Here is a little more info why formula = blood_alc ~ drinks leads to R estimating the \(a\) and \(b\) we want. What makes sense is that blood_alc is \(y\), drinks is \(x\) and ~ would therefore be the \(=\) in our equation. However, how come we never had to write anything about \(a\) or \(b\)? The answer is that (i) when fitting a linear model, there is usually always an intercept (=\(a\)) by default and (ii) when writing a numeric variable (=drinks) as on the right side of the equation, it will automatically be assumed to have a slope (=\(b\)) multiplied with it. Accordingly, blood_alc ~ drinks automatically translates to blood_alc = a + b*drinks so to speak.

Is this right?

After fitting a model, you may use it to make predictions. Here is one way of obtaining the expected blood alcohol content for having 0, 1, 2, or 3 drinks is according to our simple linear regression:

preddat <- data.frame(drinks = seq(0, 3))
estimate_expectation(model = reg, data = preddat)
## Model-based Expectation
## 
## drinks | Predicted |   SE |        95% CI
## -----------------------------------------
## 0.00   |      0.05 | 0.04 | [-0.04, 0.13]
## 1.00   |      0.17 | 0.03 | [ 0.10, 0.24]
## 2.00   |      0.29 | 0.03 | [ 0.23, 0.35]
## 3.00   |      0.41 | 0.02 | [ 0.36, 0.46]
## 
## Variable predicted: blood_alc

You may notice that according to our model, the expected alcohol content in your blood when having 0 drinks is actually ca. 0.05 and thus larger than 0. This is obviously not true in real life. Instead, the true intercept should actually be exactly 0, so what went wrong?

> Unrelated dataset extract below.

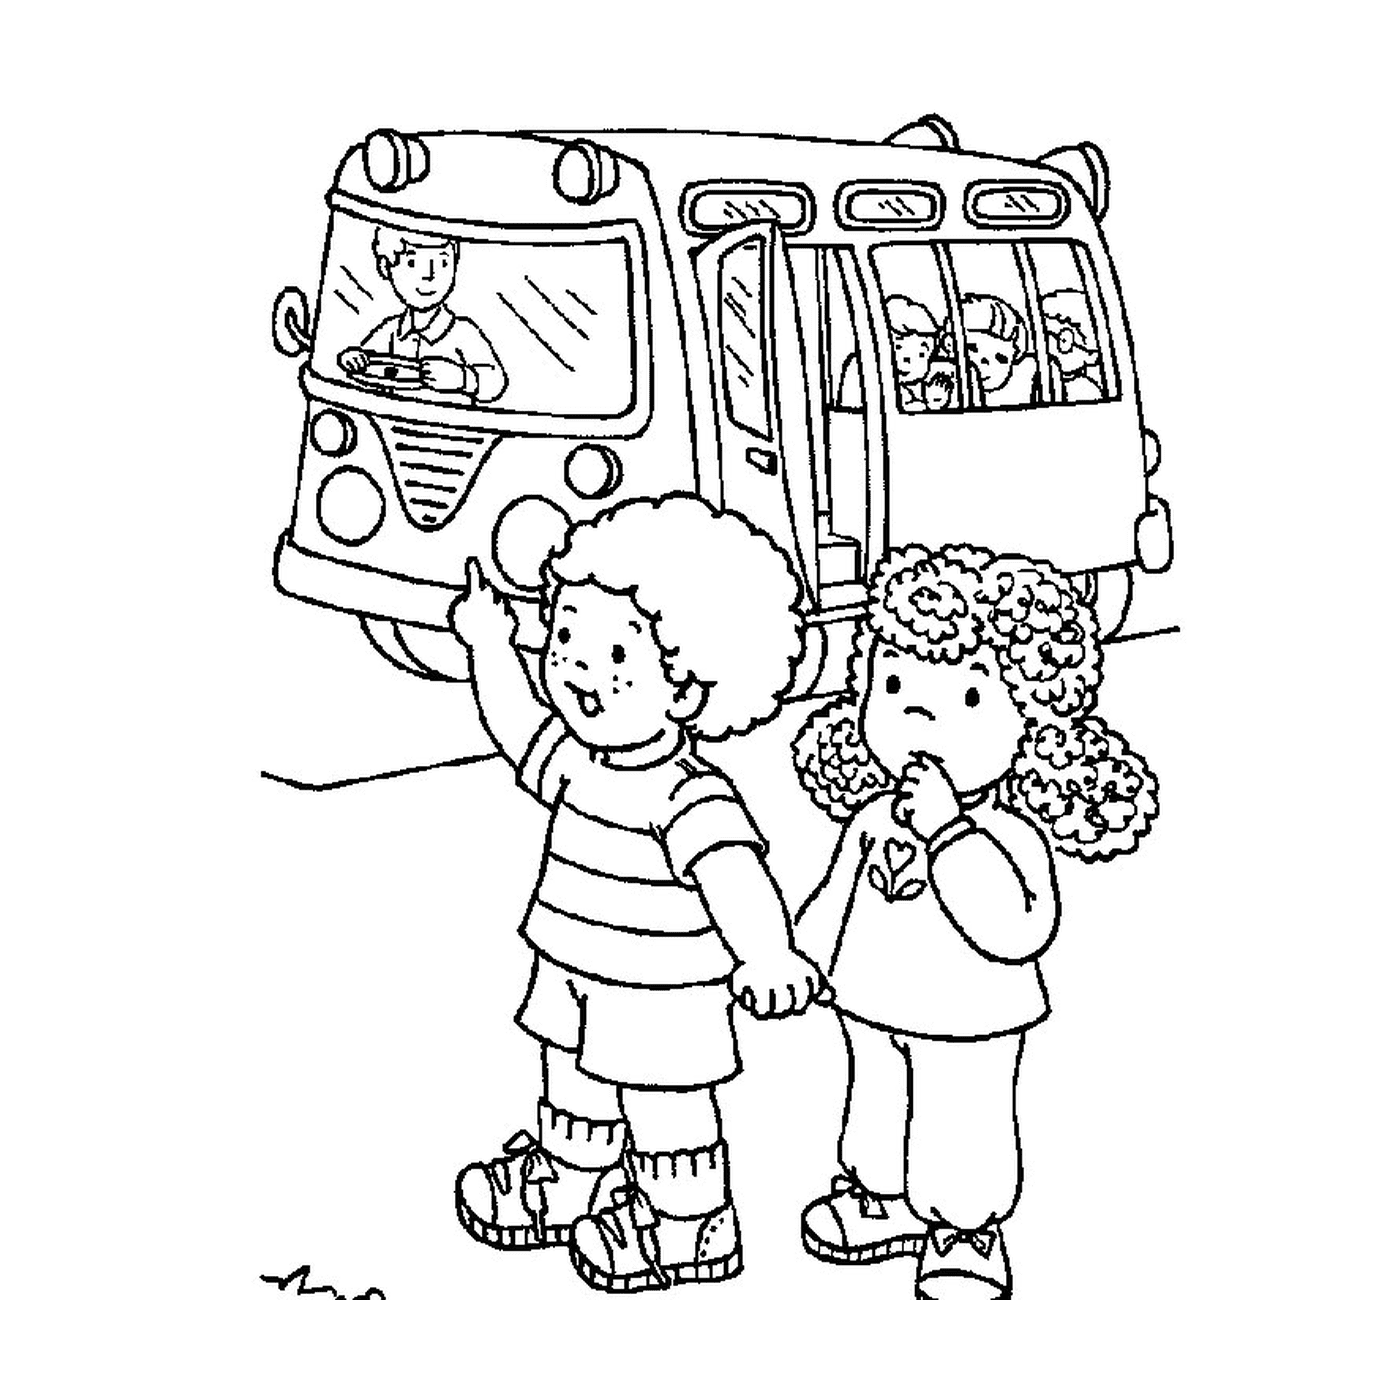  Двое детей перед школьным автобусом

First of all, data will never be perfect in the sense that the when a parameter really is e.g. 42, its estimate based on measured data is also exactly 42.000000… . Instead, there are e.g. measurement errors: Peter and Max may have forgotten a drink or two or their device to measure the alcohol content is not precise enough. In fact, this would most likely be the underlying reason here - but remember that I made the data up.

So I would like you to think about the issue from two other angles:

  1. Are the results really saying the intercept is > 0?
  2. Did we even ask the right question or should we have fitted a different model?

Are the results really saying the intercept is > 0?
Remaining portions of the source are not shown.